Category Archives: Text mining

Modernista Vocabulary

Anyone who has studied modernista poetry has an image of what modernista language looks like. There are certain words that one automatically associates with this movement:  “cisnes,” “princesas,” “estatuas”, “céfiro” and so on. But how many of the so-called “modernista” words are also the most frequent words (MFW) employed by Darío and his followers? For example, I do not know why I always think of “nácar” as one of the quintessential modernista words. For me, it was surprising to discover that Darío does not use it in any of his poems in my database (don’t know if he uses it in his prose work).

The following is a list of twenty of Darío’s MFWs (excluding articles, prepositions and common verbs):

oh           0.2890521
vida         0.2870448
luz          0.2609499
oro          0.2288330
amor         0.2268256
alma         0.1987234
sol          0.1906941
azul         0.1666064
esperanza    0.1605845
canto        0.1565699
tierra       0.1505480
rosa         0.1485407
día          0.1465334
dios         0.1445261
gloria       0.1445261
rosas        0.1445261
sangre       0.1425188
ojos         0.1364968

And then there are those two words one usually associates with Darío’s poetry. They appear much less frequently in his texts:

cisne        0.05821189 
princesa     0.04616805

The gap between these two classical modernista words and the MFWs in Darío’s poetry is clearly shown in the following image.
vocabulario-dario

I know it is not right for me take Darío’s vocabulary as representative of modernista poetry in general, but I am not sure that adding corpuses from other writers and compiling a list of their shared MFRWs would solve the problem. And, is this “gap” simply a problem between perception and reality?

I suppose that in order to contrast the public perception of modernista vocabulary with the actual MFWs in their texts, one needs to find a way to compile a list of modernista words as understood by readers and critics.

Advertisements

Topic Tree

Many of the techniques I have been applying to my corpora were specifically designed for use with “Big Data” —which I do not have, unless one considers about eighty something poems “Big” data. I believe that it is possible to apply quantitative analysis to smaller groups of text and obtain meaningful results. Ted Underwood would probably disagree with me on this, but I think even he would be surprised at the results I am getting from using his Topic Tree method to Nájera’s poetry.

Topic modeling is very popular at the moment, but when I started working with modernista poetry I had my doubts about that approach. I didn’t know if it was the right one for my data as topic modeling tends to emphasize  the isolation of key themes in a single text. Because I was treating each poem as an individual work, I needed a technique that could help me establish links among the poems based on the recurrence of similar words/topics. Underwood’s technique (an alternative to topic modeling, which he calls Topic Tree), does exactly that. He applied it to a huge collection of 18th century documents and produced this dendrogram tree. He also has a post explaining his technique in detail.  Underwood uses a vector space model to compare words among corpuses, but instead of employing the tf-idf scores normally used by search engines, he has developed his own formula, which he explains in this Tech Note. In the same Tech Note, he has released his R code (as well as a very handy script to divide large trees into manageable sections).
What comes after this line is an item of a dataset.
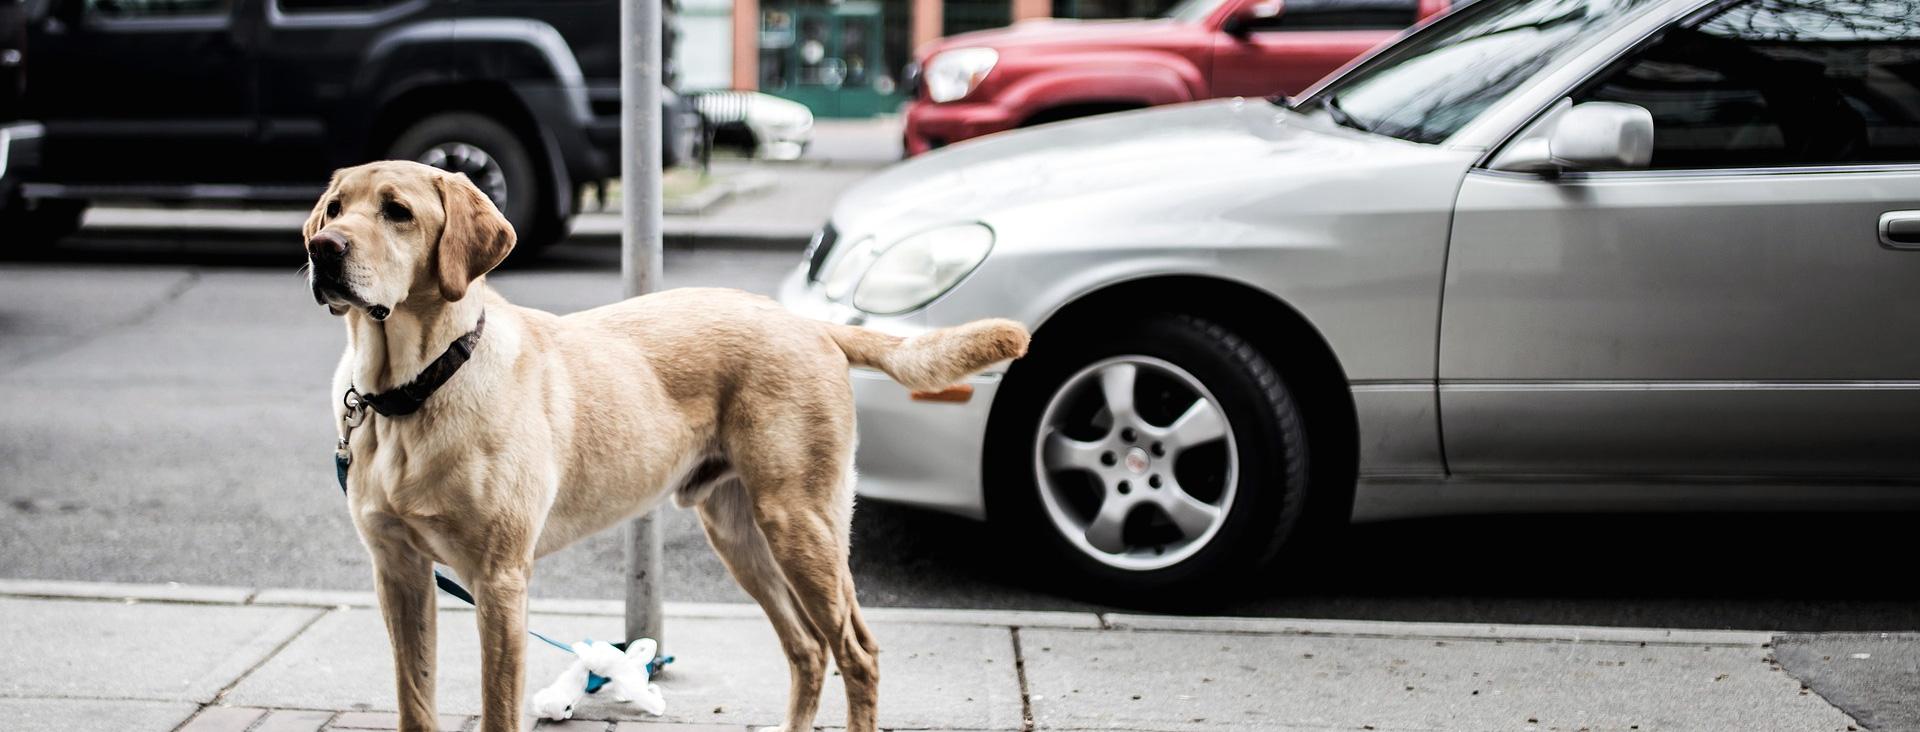 Perro vigilando el coche

Let me now show the results I got using the Topic Tree technique.  I fed my script 250 common words and that produced four main branches. As expected the branches of my tree reflect Nájera’s main topics.
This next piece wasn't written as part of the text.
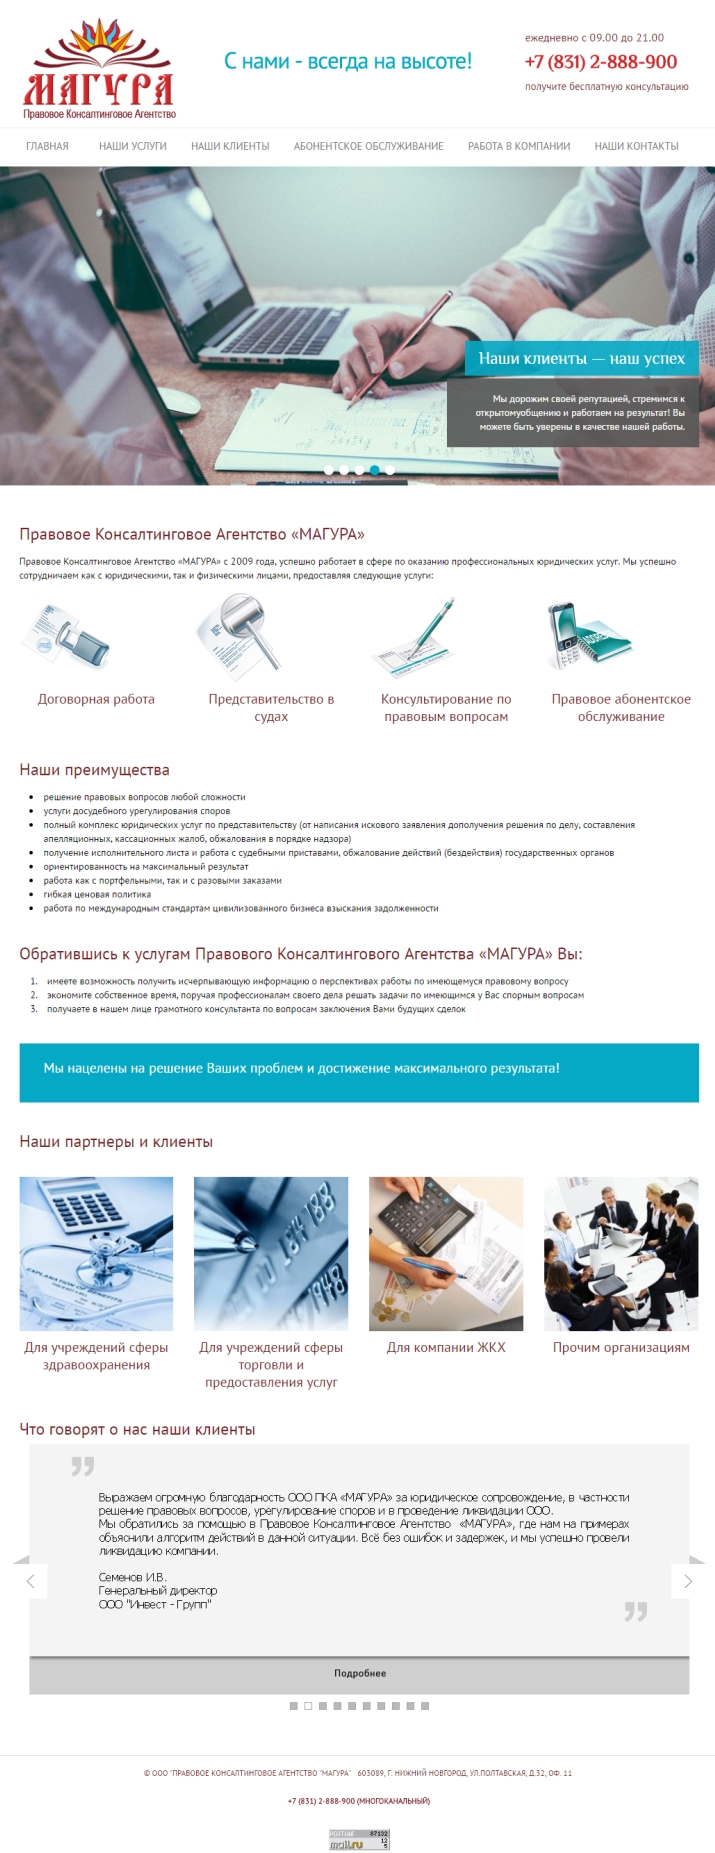 Разработка, создание и наполнение сайта консалтингового агентства

In branch one, the topics are poetry, faith and childhood:rama1In Branch two, all the words are related to the experience of death:

rama2

In the third branch the focus is on natural elements, with strong emphasis on flying animals and love:rama3The fourth and last branch is also the most interesting one. In the top part the main topic is poetry and its representation of beauty/nature, towards the middle the dominant topic is sexual attraction and the lower part of the branch shows the poetic representation of women in modernista poetry (notice the words that cluster around “white”) .rama4

The experiment in my opinion was very successful and, of course, I am now curious about what a topic tree of modernista poetry would look like.